Note, the Winograd algorithm does reduce the total number of
additions needed. The confusion might be that the algorithm is
recursive, and, at a given step in the recursion, the number of
matrix additions is, indeed, larger than in the straightforward
algorithm, but the number of matrix multiplications is reduced,
more than compensating as you recurse down to the bottom.

(Some notes: The straightforward algorithm for multiplying n x n
matrices has time-complexity O(n^3). The Winograd algorithm is
one of a series of sub-O(n^3) matrix-multiplication algorithms, but
they are all primarily of purely theoretical interest, and are used
rarely (if ever) in practice. They only become competitive with the
“naive” algorithm when n is quite large, because, even when
only counting floating-point operations, they have much larger
pre-factors. Furthermore, they break the benefits of floating-point
pipelines, so, in practice, they make use of significantly fewer
floating-point operations per unit of time. Nonetheless, this whole
story is quite interesting (if you care about such things). I believe
it all started with Strassen’s algorithm.)

Best.

K. Frank

Hi KFrank, thanks for the prompt reply :slight_smile:

Current research does indicate that Winograd speeds up convolution, see:

https://arxiv.org/abs/1509.09308

http://cs231n.stanford.edu/reports/2016/pdfs/117_Report.pdf

Hi zfzhang!

These two papers you cite:

https://arxiv.org/abs/1509.09308
and
http://cs231n.stanford.edu/reports/2016/pdfs/117_Report.pdf

refer to a “minimal filtering algorithm” published by Winograd in 1980.

The Wikipedia link you give for the “Winograd algorithm” in your original
post:

is for the Strassen-like Coppersmith-Winograd matrix-multiplication
algorithm published by them in 1990. Same Winograd, two different
algorithms.

I’m willing to believe that Winograd’s minimal-filtering algorithm can
be used in practice to speed up CNNs.

Best.

K. Frank

For the sake of completeness: winograd algos can be picked by cudnnFind (via torch.backends.cudnn.benchmark = True), if they are the fastest algo for this particular workload.
E.g. the cudnn docs mention it here.

Hi ptrblck,

my point is: the algorithm makes the assumption that MUL is more expensive than ADD, but this assumption doesn’t seem to hold in the CUDA computation model, where they both cost 4 clock cycles. (side note: on CPU the cost ratio is typically 4:1)

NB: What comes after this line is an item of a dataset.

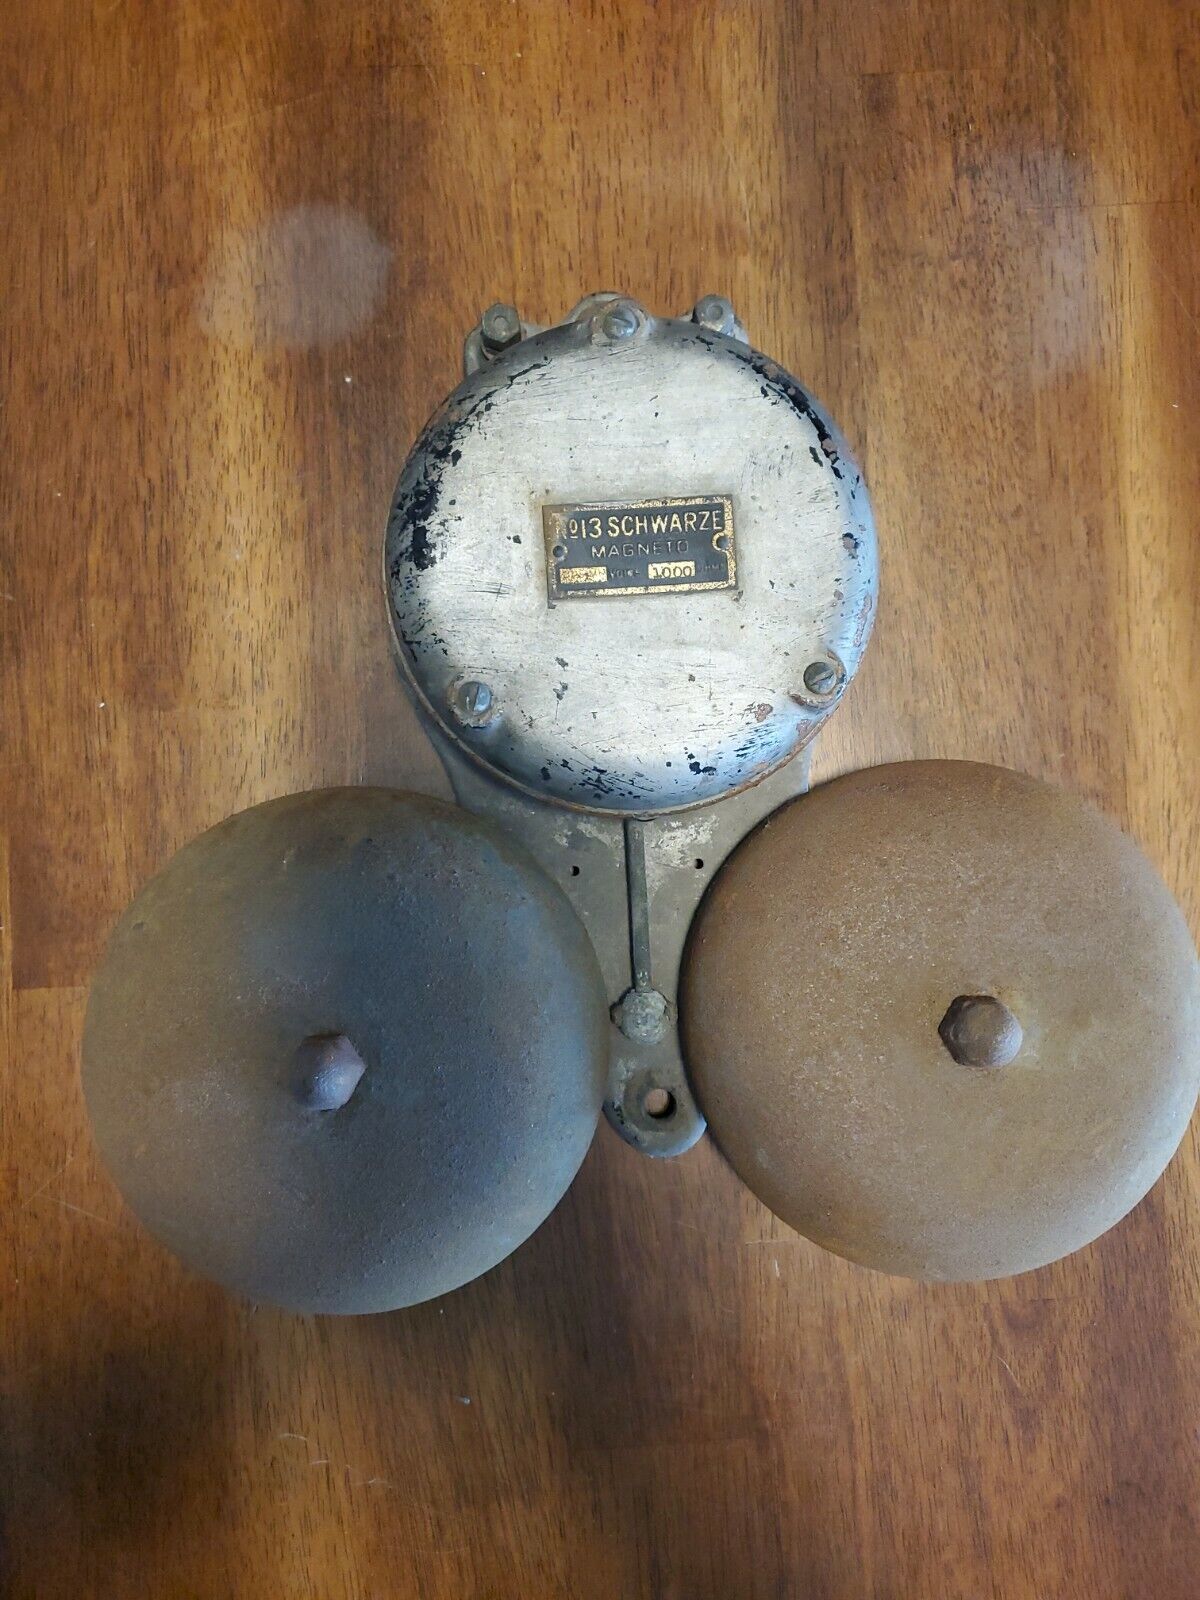 Vintage Shwarze No. 13 Manufacturing Double Bell Gong Alarm Sounder

That’s a valid concern from a theoretical point of view.
Note however, that a lot of operations are not compute bound, but often memory bandwidth bound.
I.e. the GPU computation would be “fast enough”, but the overall speed is limited by the reads and writes of the data.
Even if the MUL and ADD are more expensive on GPUs, which could theoretically mean that there wouldn’t be any expected speedup using Winograd, in reality the kernel performance might still be better than other (less compute-intensive) kernels.

cudnn in particular uses the benchmark mode to profile different algorithms and should only select the Winograd kernel, if it’s the fastest one (and also meets other requirements specified by the user such as determinism).